Each expert created a response and then edited a response generated by the large language model (LLM) ChatGPT-4. They timed themselves for both tasks. Five LLMs (ChatGPT-3.5, ChatGPT-4, Claude 2, Bing and Bard) also generated responses to each of the 21 questions. Other experts not involved in the initial response-writing process evaluated the responses and subjectively judged them for quality and empathy (very poor, poor, acceptable, good or very good) and for safety (incorrect information, likelihood to cause harm, extent of harm and missing content).

The researchers collected 4,008 grades (2,608 for quality and empathy and 1,400 for safety metrics). They reported significant differences in quality and empathy between the three groups: LLM alone, expert alone and expert+AI. The latter—expert+AI—performed best overall in terms of quality, with ChatGPT-3.5 as the top-performing LLM. ChatGPT-3.5 had the highest mean empathy score followed by expert+AI. Expert responses placed fourth out of seven for quality and sixth out of seven for empathy (mean score), according to the study. Expert+AI responses significantly exceeded expert responses for quality and empathy.

“Busy surgeons may respond to patient questions accurately and quickly, but may not respond with as much empathy as LLMs,” says study senior author Matthew R. Starr, MD, of the Mayo Clinic.

Fortunately, AI seems poised to help. In the study, the researchers reported time savings for expert-edited AI responses vs. expert-created responses. “AI is here—it’s not ‘coming’ anymore,” Dr. Starr says. “It’s part of what we do, and I think we need to continue to be at the forefront of incorporating AI into how we practice. We as physicians spend a lot of time responding to patient questions, and if we could harness LLMs to safely and appropriately respond to questions that would give us a lot more time back.”

Dr. Starr points out, however, that AI-generated responses still need oversight. “Many of the [AI-generated] responses were great, but there are still some inaccuracies and potential for harm, so they need to be edited and vetted appropriately. That will take time upfront. Hopefully as they improve over time, they’ll require less oversight for responses to basic questions.” He adds that in this case, it will be important to disclose to patients that some responses are AI generated but vetted by physicians.
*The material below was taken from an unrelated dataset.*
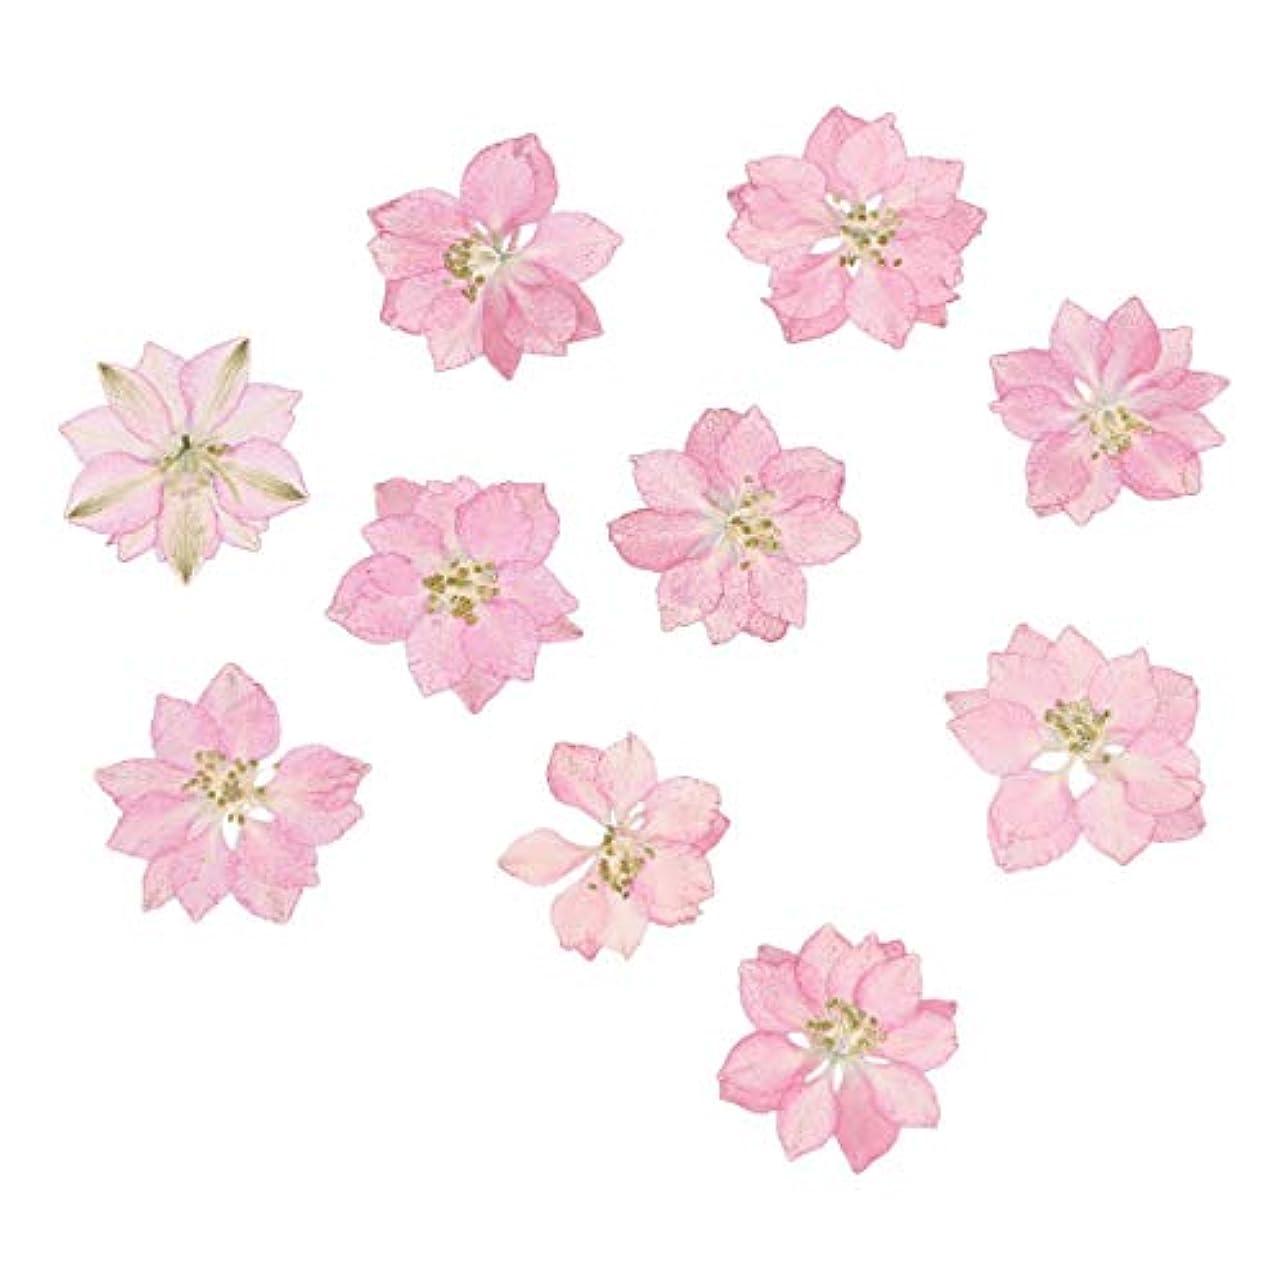 永久にバッチ悩むHEALLILY リアルドライ押花天然花飾り用diyジュエリーペンダント電話ケースカード20ピース

Future LLMs for patient queries would need some modification. “These LLMs are open-source platforms, and not HIPAA compliant,” Dr. Starr says. “If we can make something that’s created specifically for patients that we created, then we may be able to actually use it and get it HIPAA compliant.”

One limitation of the study came about due to the time it took to write and edit responses. “We missed about 100 or so questions out of about 4,000,” Dr. Starr says. He also notes that a Hawthorne effect, where individuals modify behavior in response to awareness of being observed, may also have occurred, though physicians did not grade their own responses.

Overall, the researchers conclude in their paper that LLM responses were comparable to those written by experts, and that an expert-LLM collaboration can result in responses with better quality and empathy than human experts alone while saving time, potentially reducing physician burnout and improving patient care. The authors write that a “natural next step would be testing an editable LLM-generated draft to patient messages.”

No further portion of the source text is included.